Das Upgrade auf eine vollautomatische Kjeltec 9-Lösung mit einem Autosampler mit 60 Plätzen macht Ihre täglichen Abläufe effizienter und nachhaltiger und reduziert Ihre Betriebskosten um mehr als 18.000 Euro pro Jahr. Je nach aktueller Lösung kann ein mittelgroßes Labor mit einem Durchsatz von 100 Proben pro Woche durch ein Upgrade auf ein Kjeltec 9 mit einem Autosampler mit 60 Plätzen 30–40 % der Kosten pro Probe einsparen.
Sparen Sie durch ein Upgrade von einer manuellen Kjeldahl-Lösung mehr als 40 % ein.
Sparen Sie bis zu 32 % durch ein Upgrade von einem anderen automatisierten Kjeldahl-Verfahren ein.
Wie haben wir das möglich gemacht?
- Eine erhebliche Reduzierung des Einsatzes von Reagenzien bedeutet geringere Kosten pro Probe und verringert die Verwendung gefährlicher Chemikalien.

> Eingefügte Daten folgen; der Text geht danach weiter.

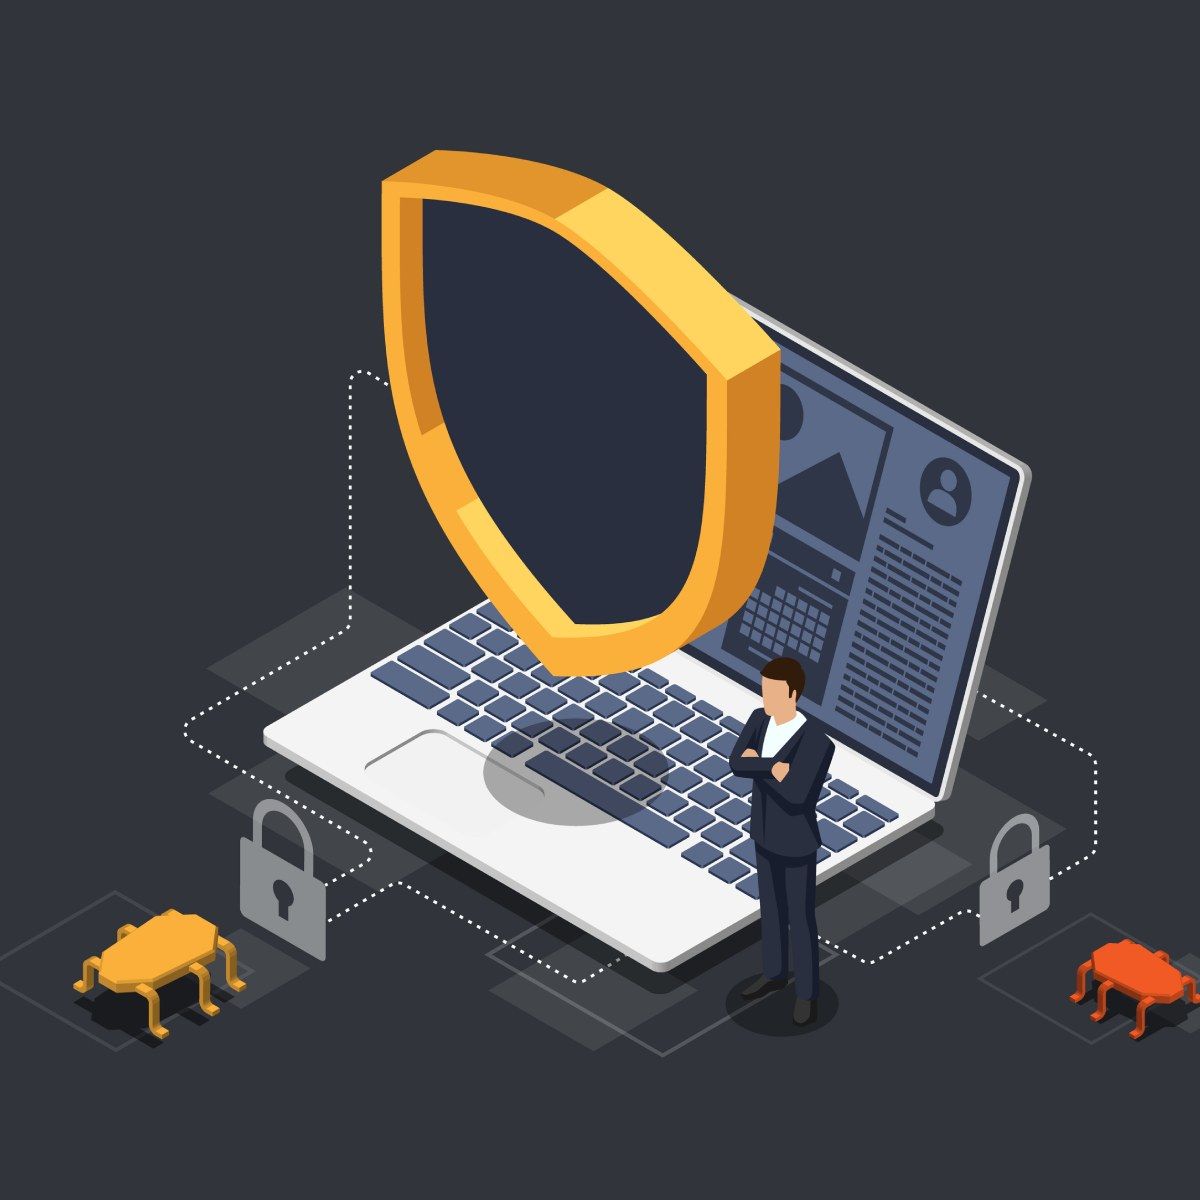 An illustration of an open laptop with a yellow and black shield floating above it while bugs try to attack it

- Die Verbrauchsartikel, die beim Kjeltec 9 eingesetzt werden, sind spürbar günstiger, als die bei anderen Lösungen.
- Ein vollautomatischer Betrieb mit dem optionalen 60-Plätze-Autosampler bedeutet, dass Sie die Abläufe unbeaufsichtigt durchführen und Personal für andere Aufgaben befreien können.

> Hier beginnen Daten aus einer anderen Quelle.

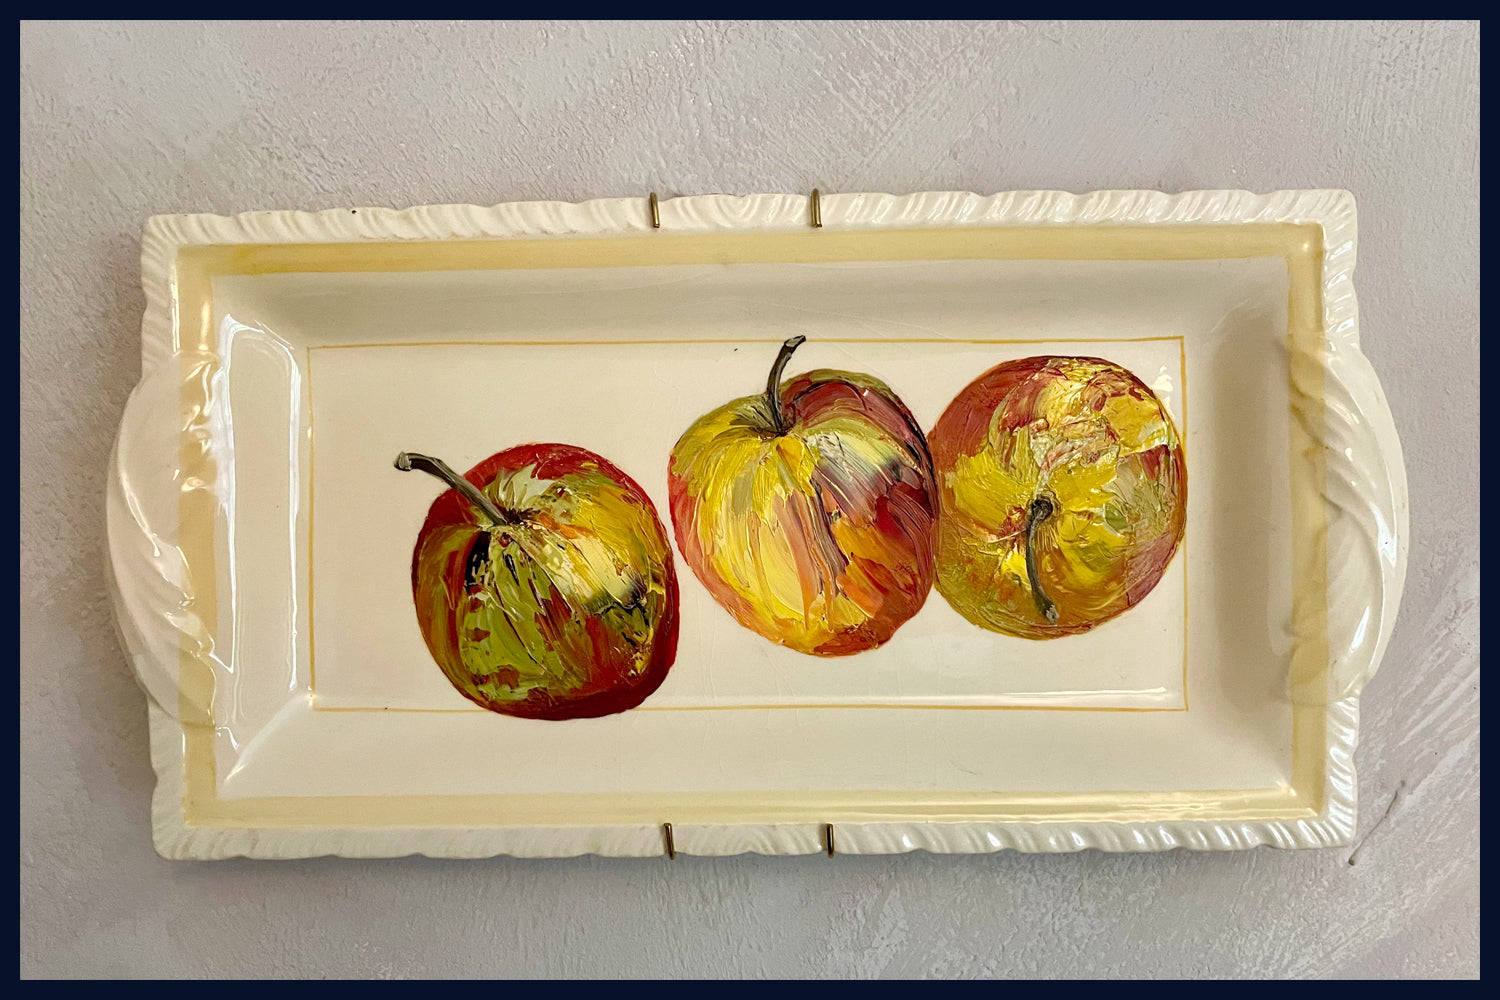 Plated: original fine art oil painting on a 1930s sandwich plate - 3 apples

Wieviel können Sie einsparen?
Das Kjeltec 9 mit einem 60-Plätze-Autosampler bearbeitet 100 Proben pro Woche / 5.200 Proben pro Jahr zu Kosten von 5,06 Euro pro Probe. Das ergibt gesamte Betriebskosten von 26.312 Euro pro Jahr.
Upgrade von einer manuellen Kjeldahl-Methode Für ein mittelgroßes Labor mit einem Durchsatz von 100 Proben pro Woche zu Kosten von 8,76 Euro pro Probe bedeutet die Bearbeitung mit einem Kjeltec 9 mit einem 60-Plätze-Autosampler eine Kostenersparnis von bis zu 18.772 Euro pro Jahr.
Upgrade von anderen Kjeldahl-Methoden Für ein mittelgroßes Labor mit einem Durchsatz von 100 Proben pro Woche zu Kosten von 7,44 Euro pro Probe bedeutet die Bearbeitung mit einem Kjeltec 9 mit einem 60-Plätze-Autosampler eine Kostenersparnis von bis zu 12.376 Euro pro Jahr.